Restate word for word the lines below, from the one containing "Declaring Channel Dependencies" through the final line, with no pictures included.

*SUPPLIED MATERIAL:*
■ ■ ■ ■

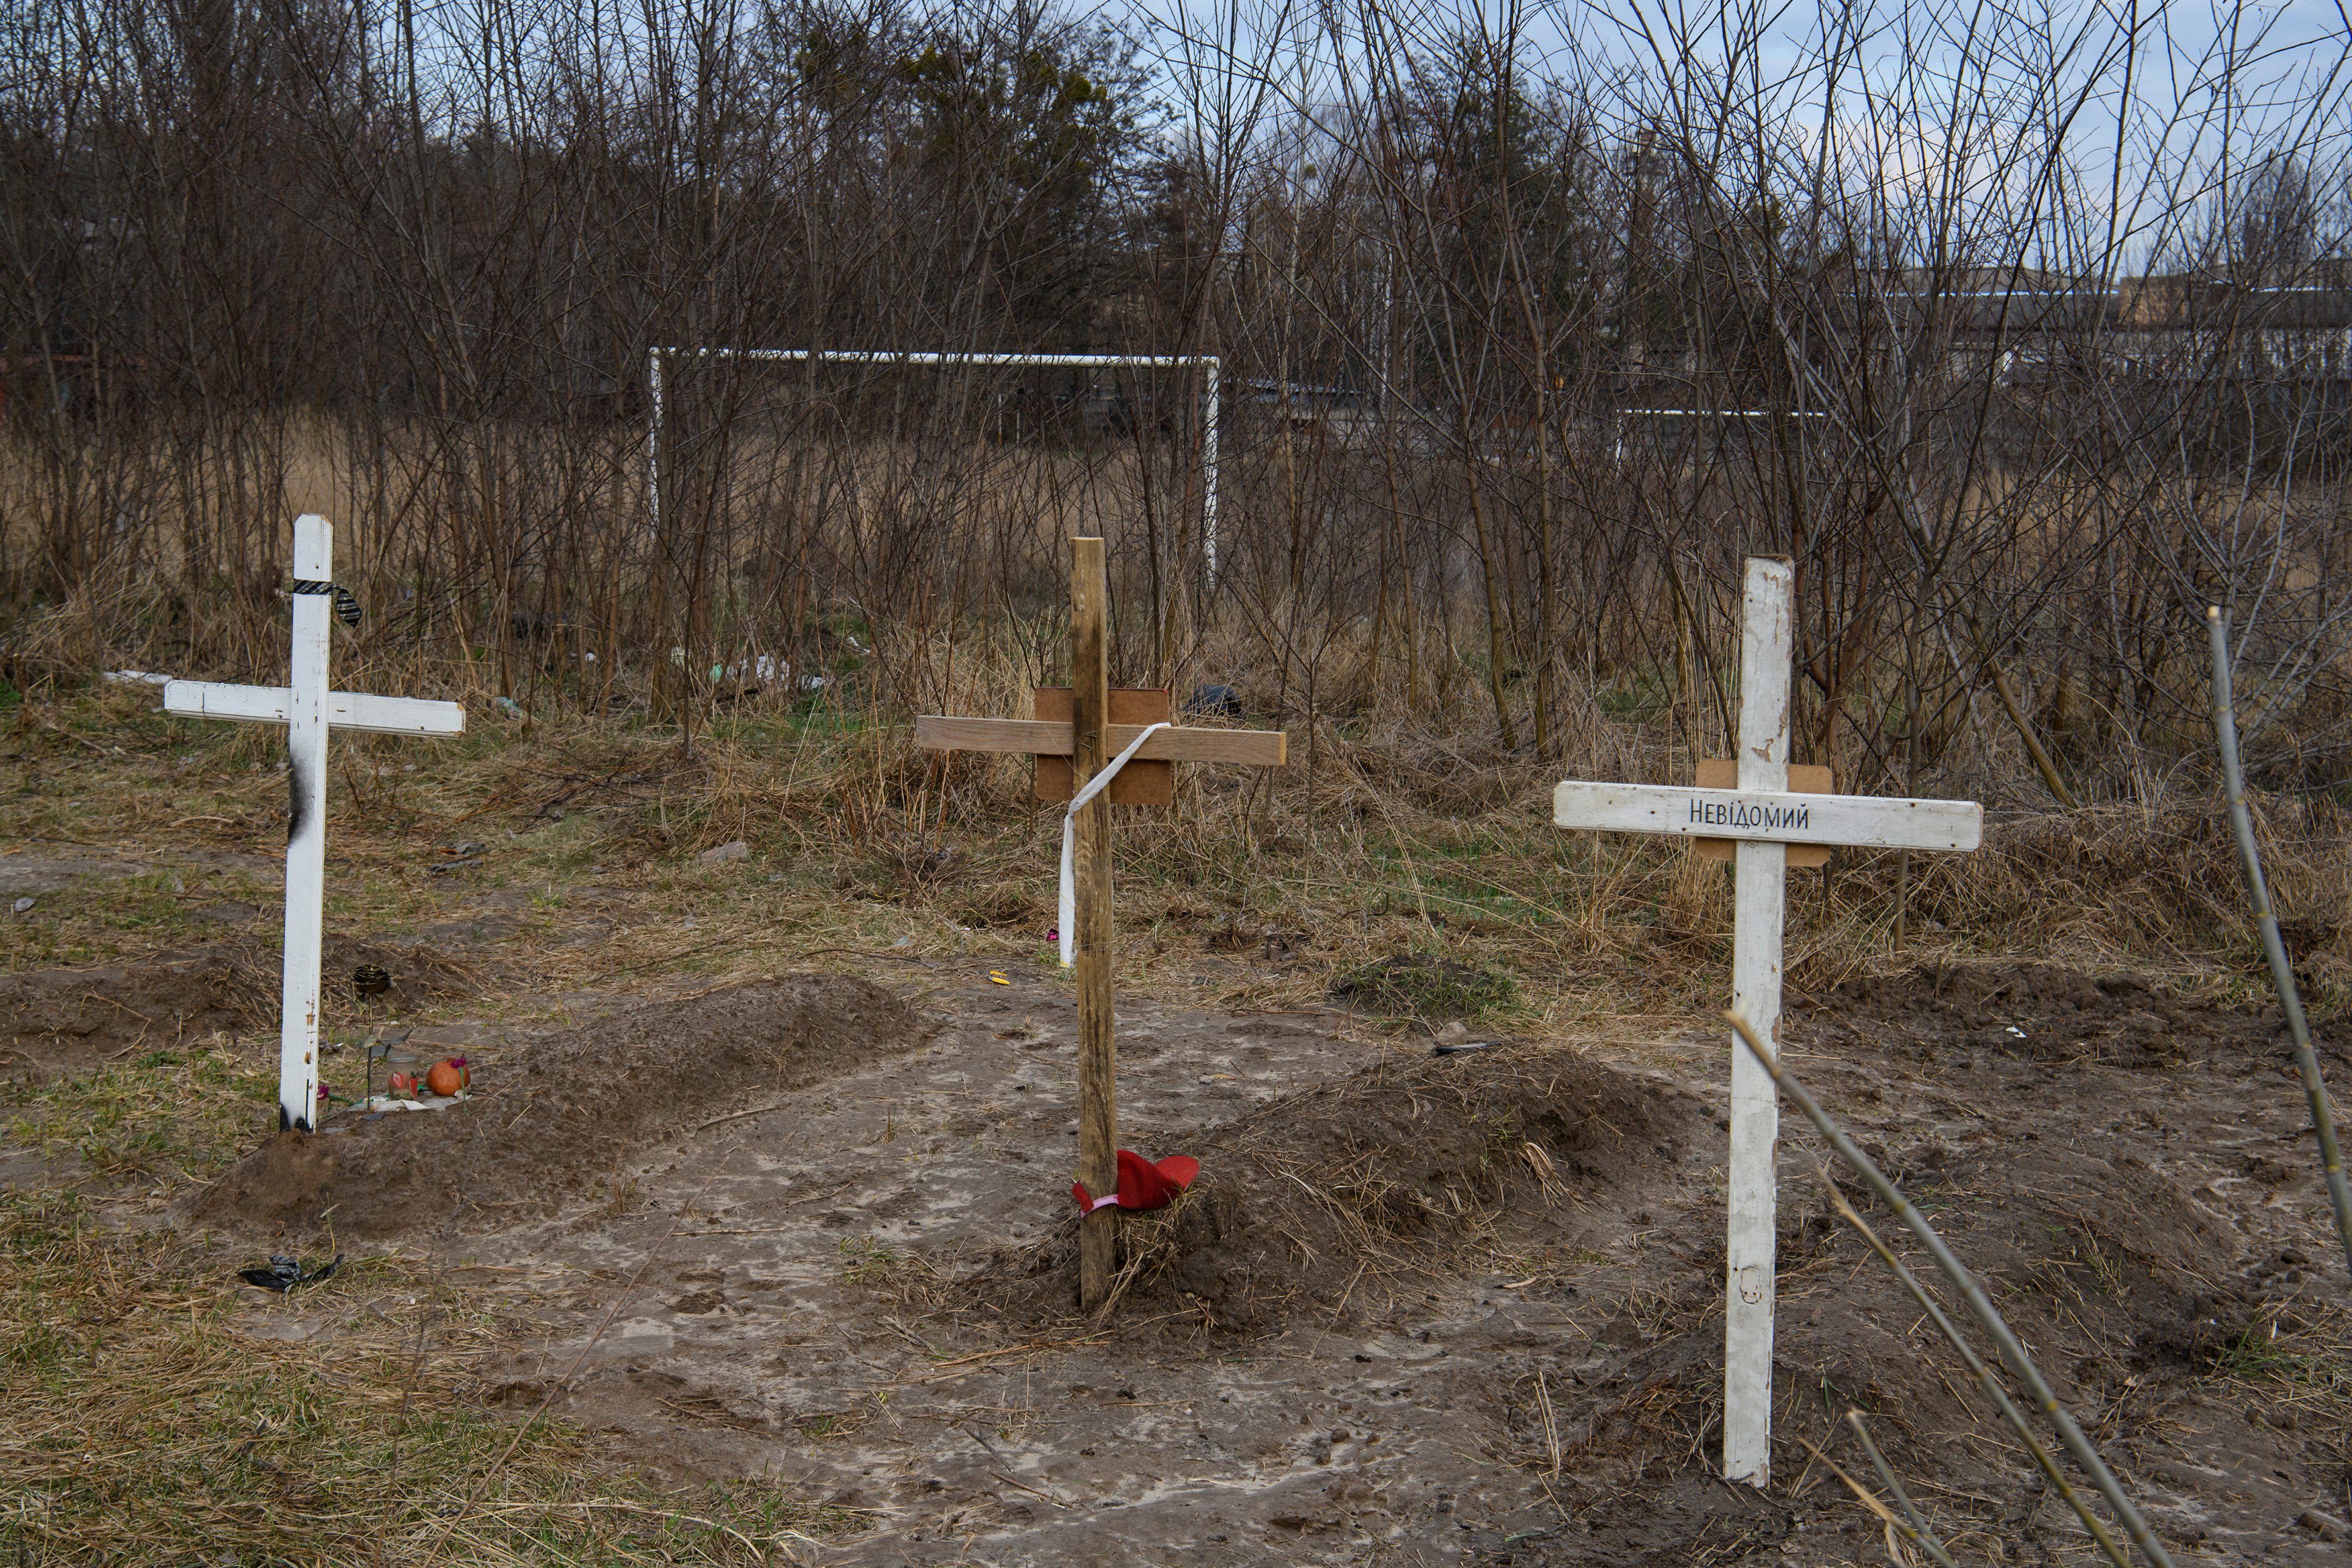 Graves with bodies of civilians, who according to local residents were killed by Russian soldiers, are seen, in Bucha
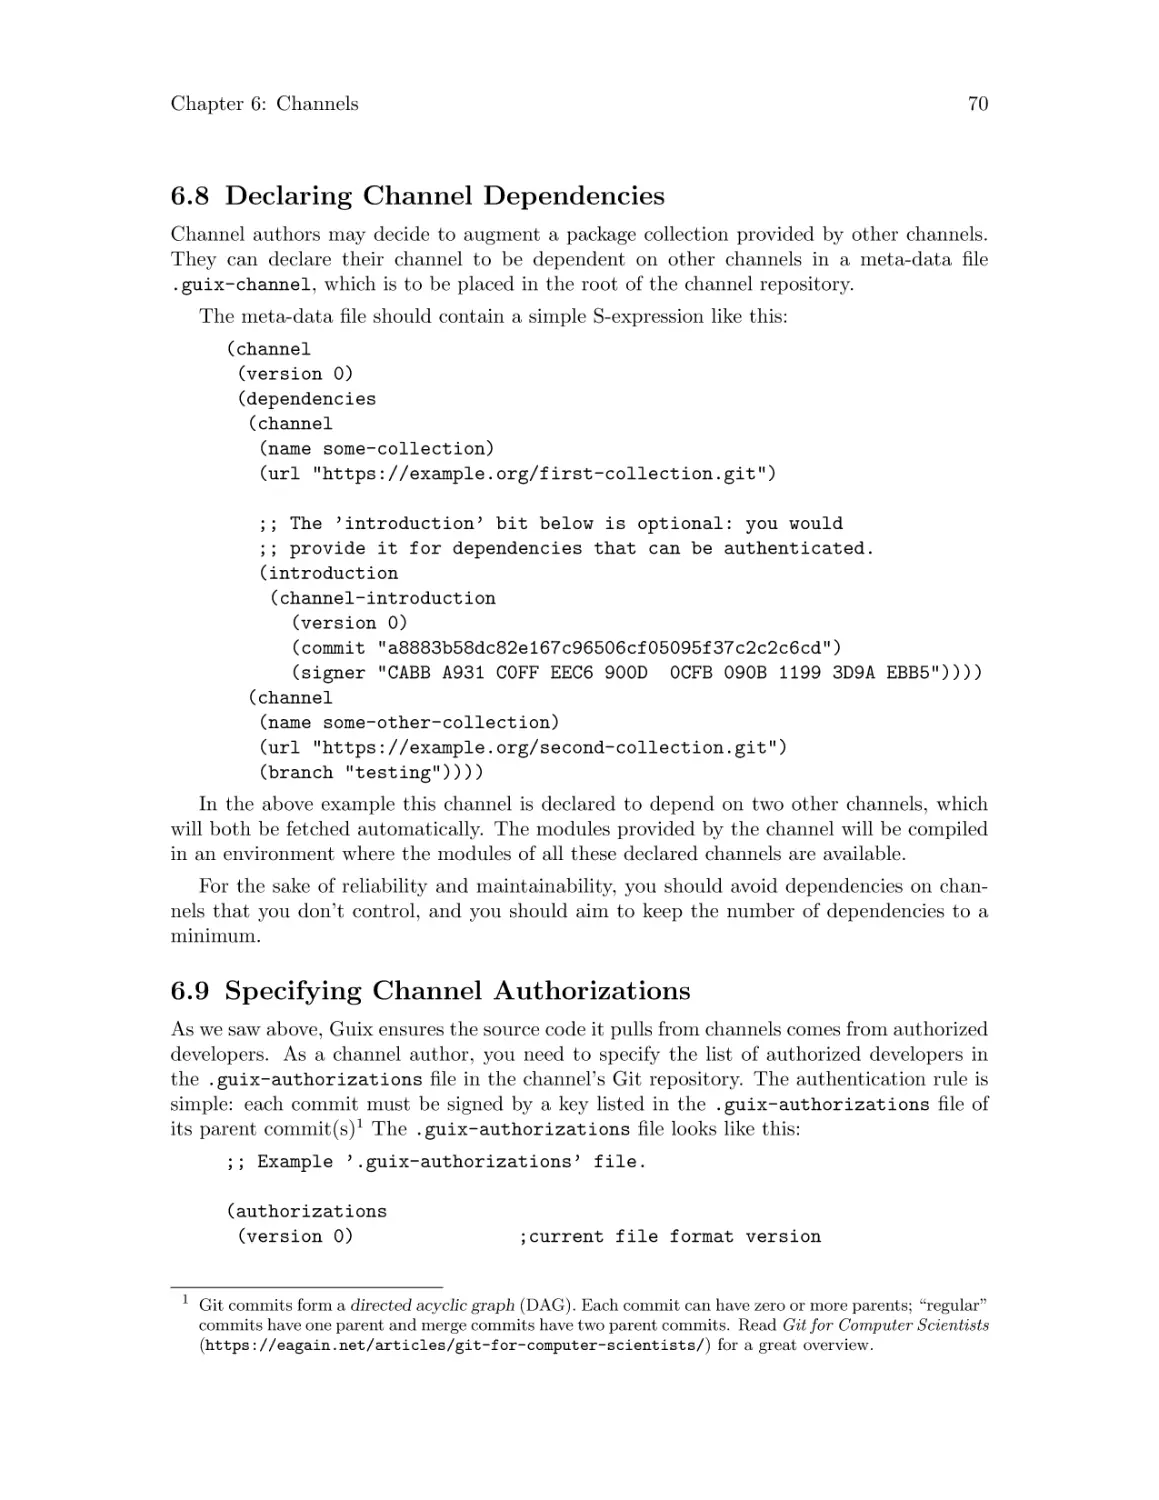 Declaring Channel Dependencies
Specifying Channel Authorizations

■ ■ ■ ■

*FINAL ANSWER:*
 Declaring Channel Dependencies
Specifying Channel Authorizations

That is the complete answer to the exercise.